Alex mengekori Viny di belakangnya, ia berdiri di samping meja Viny, menunggu sampai Viny mempersilahkannya duduk. Alex duduk ketika Viny menunjuk ke kursi, ia memperhatikan wajah Viny yang terlihat sedikit resah. Apa orang kaya punya masalah? Tentu saja. Tidak mungkin ada manusia yang dilahirkan tanpa masalah.
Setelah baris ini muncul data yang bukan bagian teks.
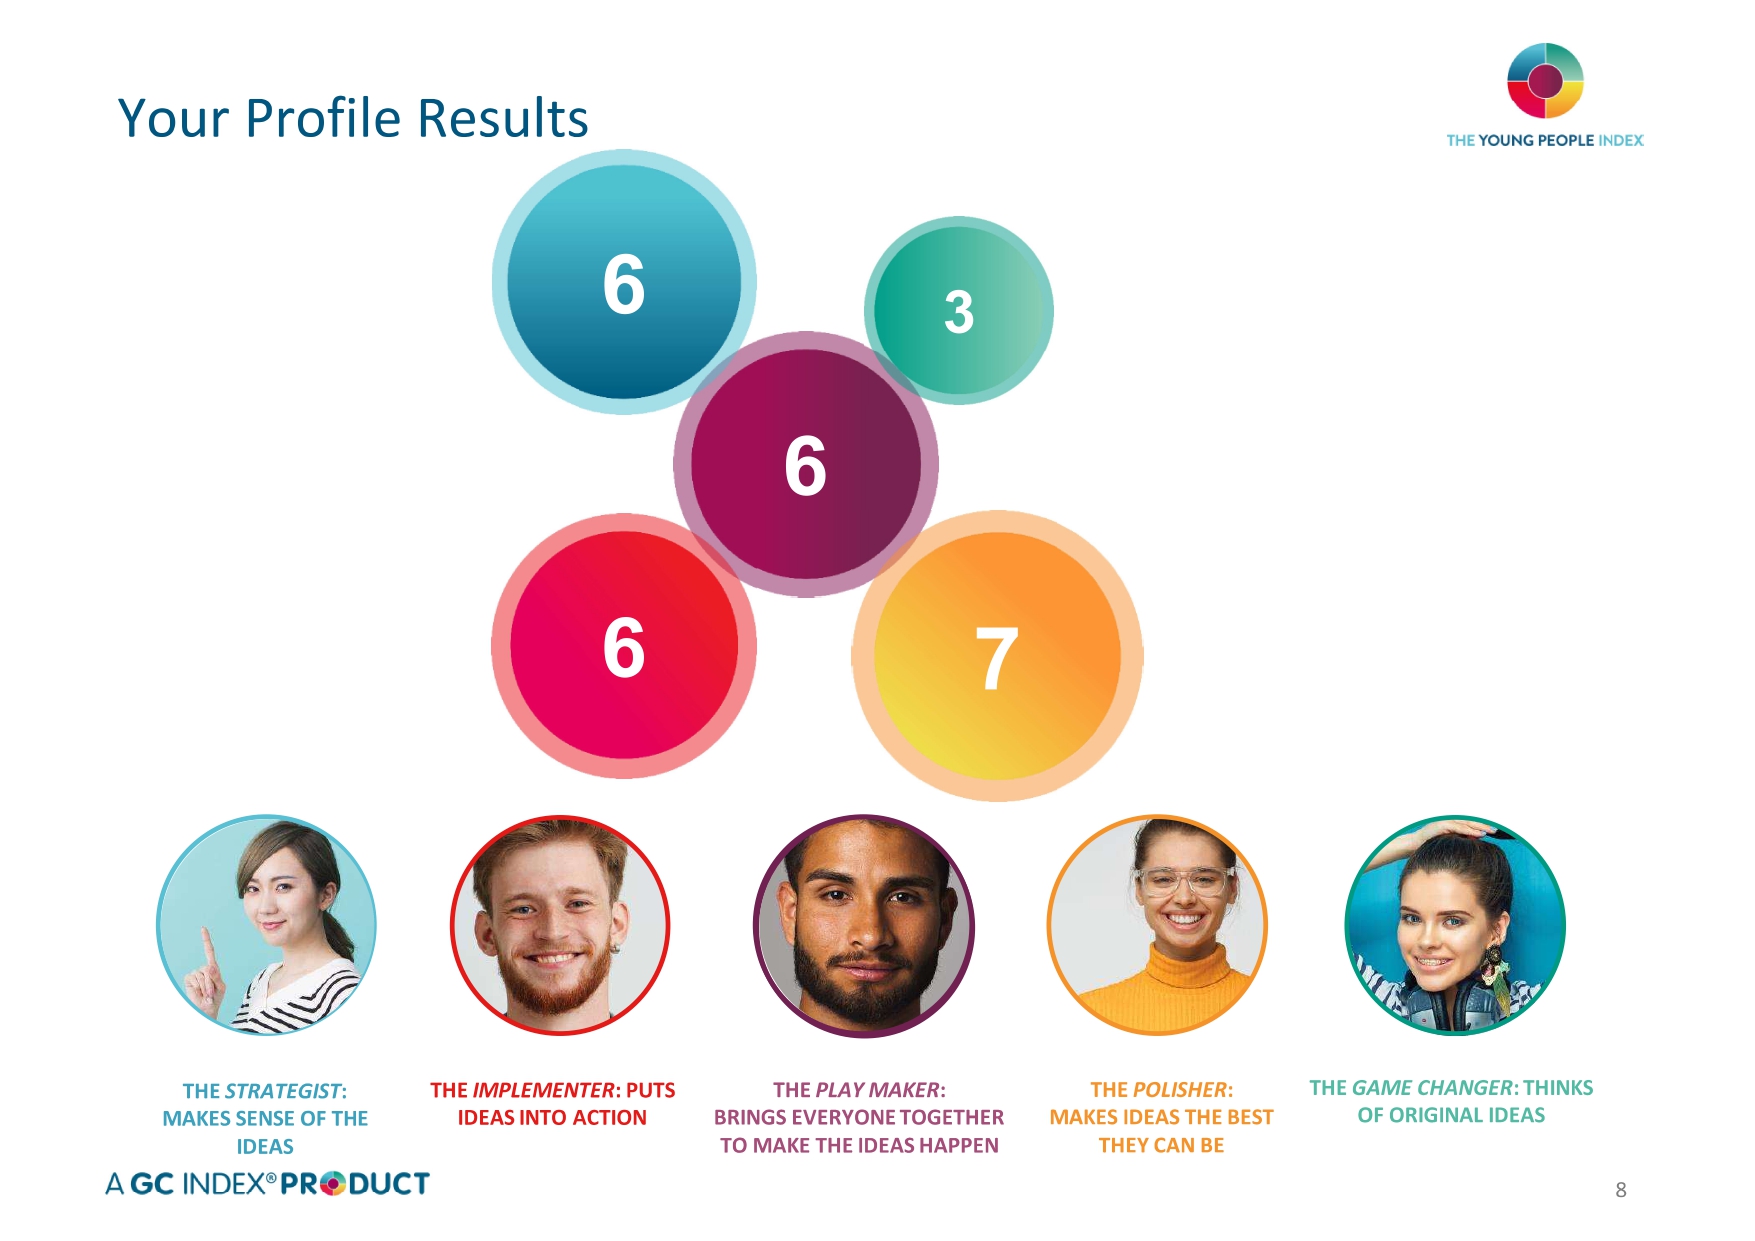 Young People Index example profile

"Mama aku tau hutang aku banyak, Mama tau juga utang aku sebagian dibayarin kak Ve." Viny mengusap wajahnya frustrasi, kepalanya sudah nyaris pecah sekarang, entah ke mana lagi ia harus mencari uang.

"Bukannya kamu yatim piatu?"

"Mama istri aku."

"Oh nyonya Aretha." Alex mengangguk paham. "Kamu nyuruh aku ke sini mau minjem uang?" Alex menggerogoh saku celana, mengeluarkan ponsel untuk memeriksa saldo rekeningnya. "Ini aku punya segini, kalo mau ambil aja."

"Seratus juta cukup buat apa? Utang aku miliaran dan lagian aku gak niat minjem uang sama kamu, aku cuma mau cerita aja, soalnya kalo cerita ke yang lain pasti mereka minjemin uang, gak enak aku ngerepotin mereka terus." Viny bersandar di kursi dengan mata terpejam. "Aku nunggu dari Vivi, dia mau kasih aku uang 1 M."

"Vivi gak masuk kategori yang lain itu ya?" Alex mengambil salah satu rubik di atas meja Viny, memainkannya sebentar dan ia simpan kembali karena tidak mengerti. "Kamu kerja apa emang sampe Vivi mau kasih kamu uang sebanyak itu?"